We wanted to evaluate the extent to which our associations might represent single causal variants across multiple traits and used conditional association at the locus to evaluate this. For each variant within 500 kb of our lead SNPs in at least one metabolite, we ran a conditional analysis for the variants within 1 Mb of the gene body of our putative target gene. Then we ran the following association test in plink2:

plink2 --glm cols=chrom,pos,ref,alt,a1freq,firth,test, nobs,orbeta,se,ci,tz,p hide-covar omit-ref

--pfile <imputed genotypes>

--covar <age/sex/PCs>

--keep <94464 European-ancestry individuals in the BOLT-LMM GWAS>

--out conditional/$gene/$snp

--pheno <technical-residualized traits>

--extract <(variants within 1Mb of gene body)

--condition <CONDITIONAL SNP>

For single SNP conditioning tests and --condition-list for conditioning on multiple variants. Associations were visually inspected to detect highly linked variants and conditioning tests were repeated with top associations in any of the key traits until there were no significant variants remaining.

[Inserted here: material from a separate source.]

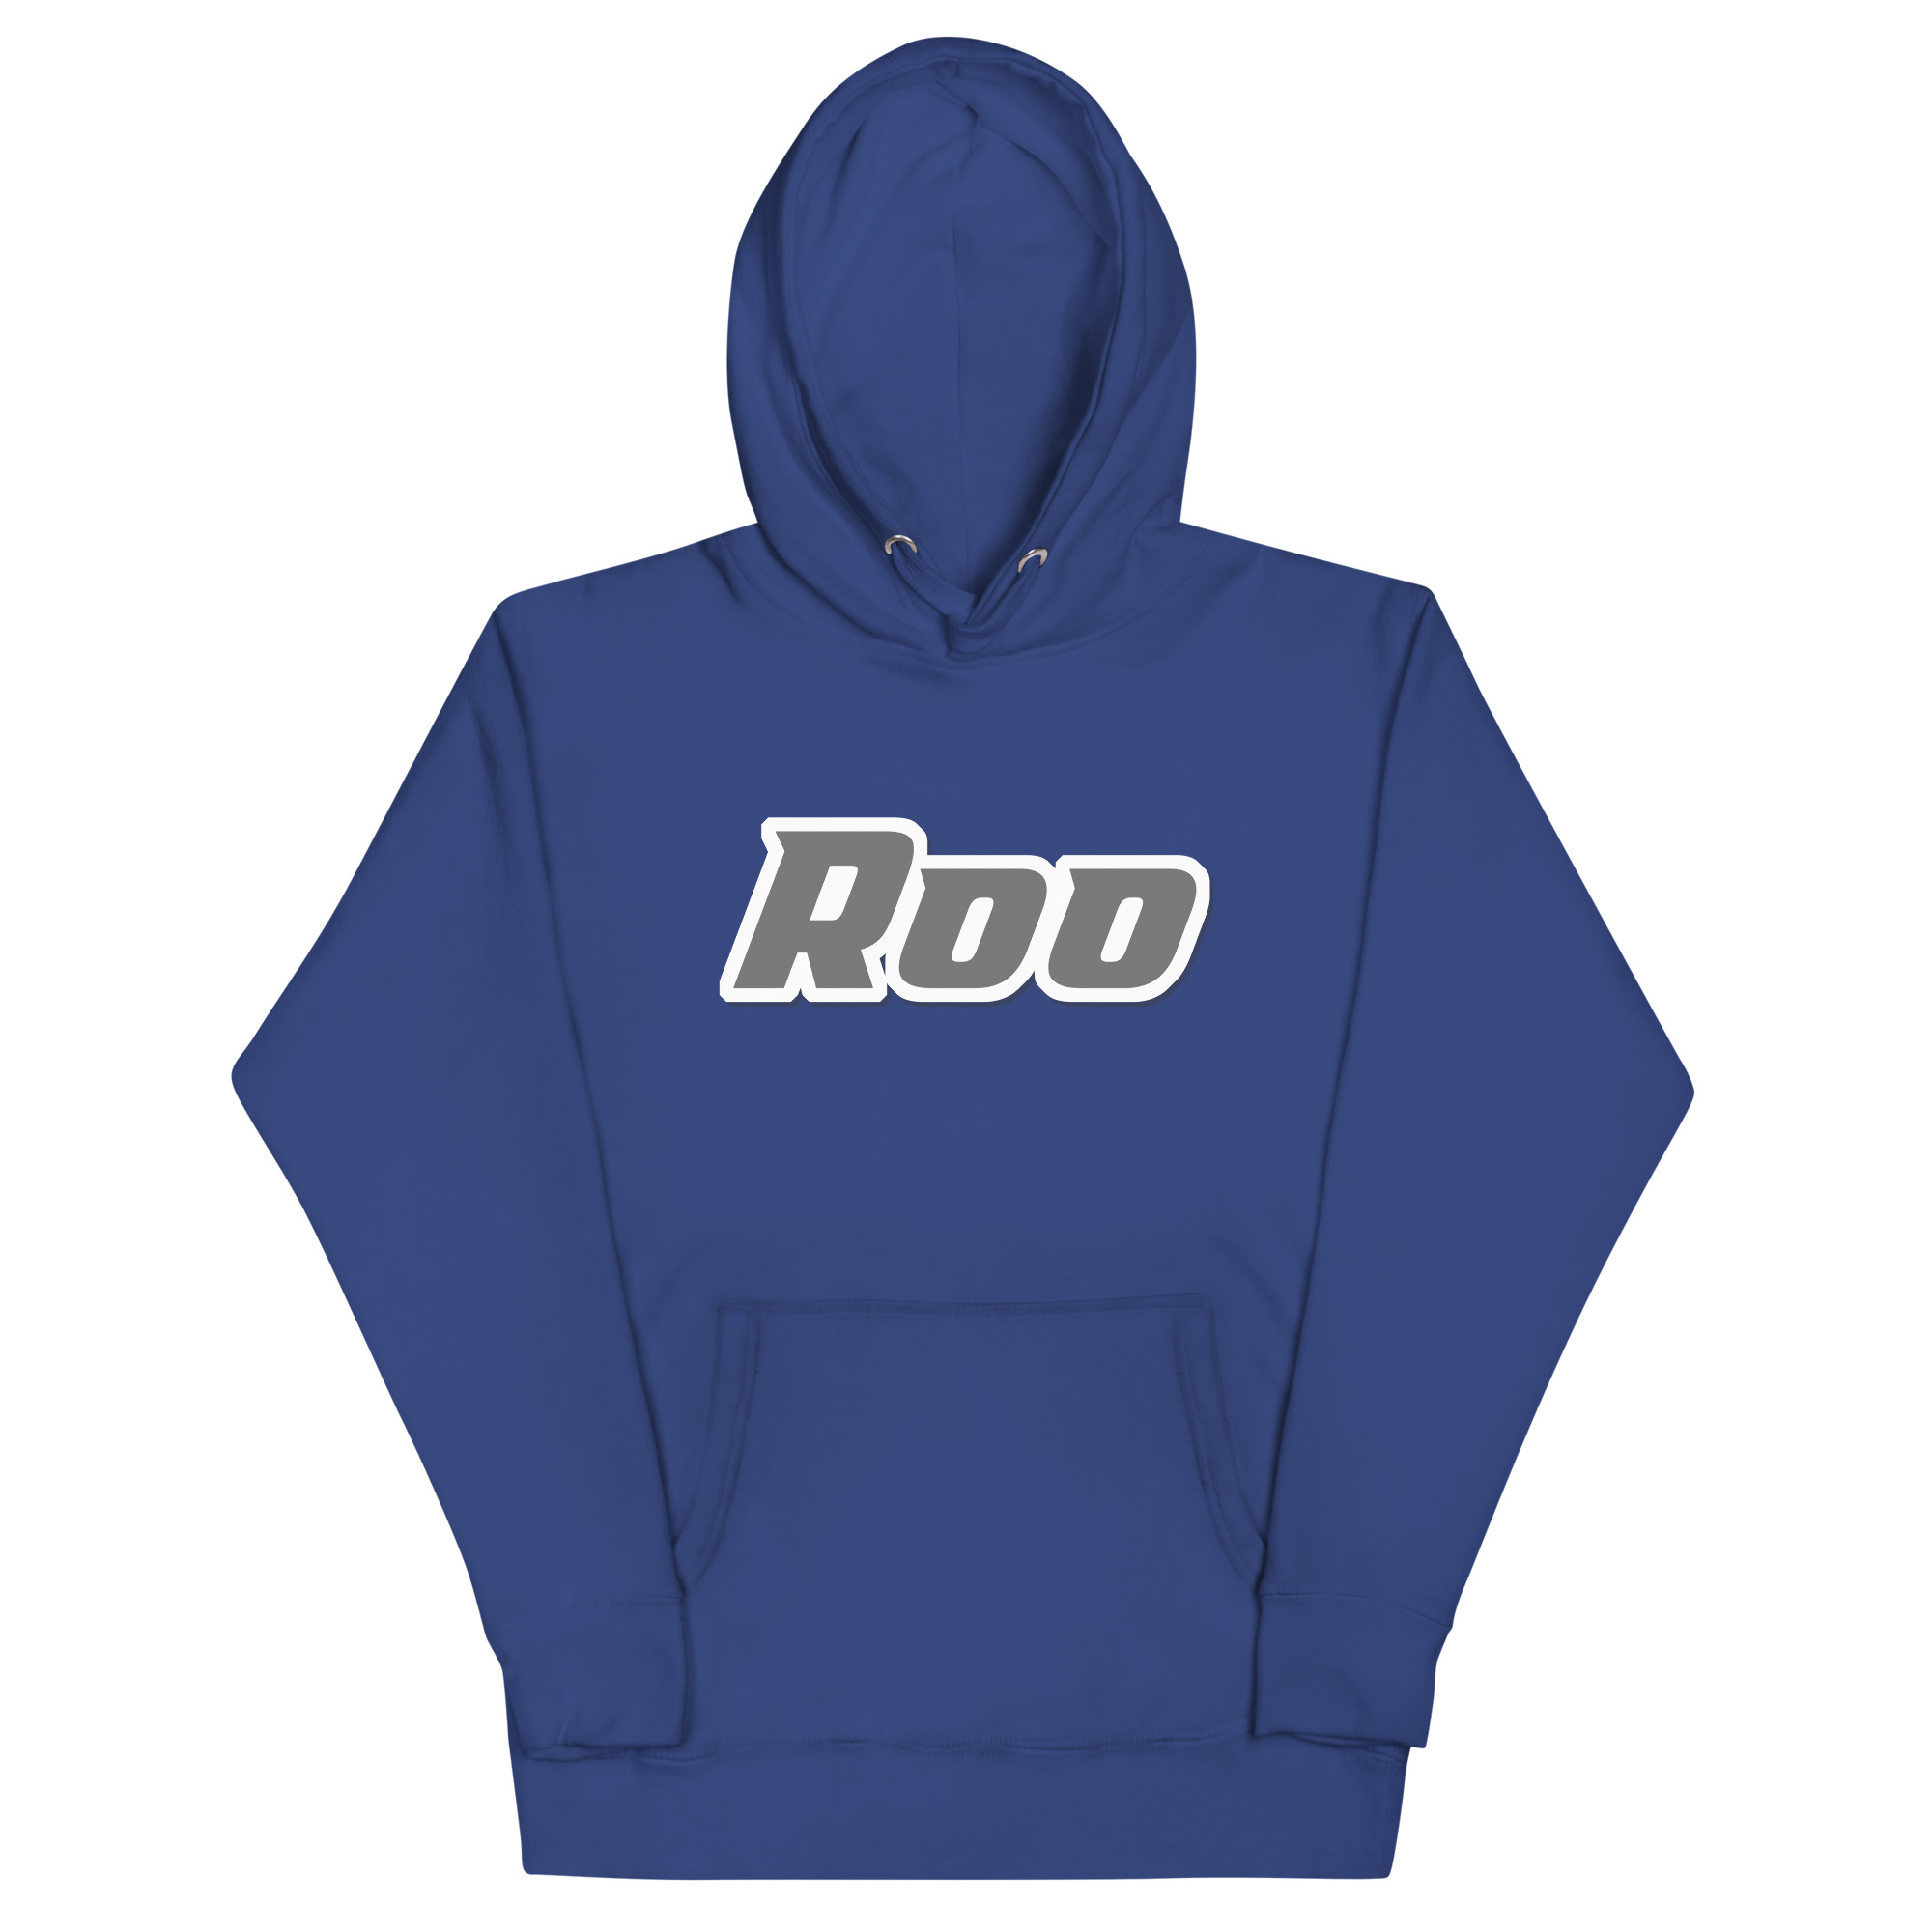 unisex-premium-hoodie-team-royal-front-6525994089aec.jpg

For the PCCB vignette, additional traits were included in the analysis, including fatty acids and lipids in the Nightingale-assayed individuals and clinical biomarkers in the full cohort of European-ancestry UK Biobank participants, where traits were residualized as previously described [7]. We further included a GWAS for “hard” CAD as previously defined [60], for which results were qualitatively similar when evaluating “soft” CAD (including angina cases) and employing only EHR-based diagnoses (rather than additionally including self reported case status). Results for “hard” CAD are shown in the supplement.

Pathway diagrams

Diagrams were drawn using Affinity Design, and molecular structures were made using ChemDraw. Pathway information was curated from GO [45, 46], KEGG [47], or Reactome MSigDB [48, 49], and Stanford’s Human Metabolism Map [54], along with manual curation from public domain biochemistry knowledge (Supplementary Table S2).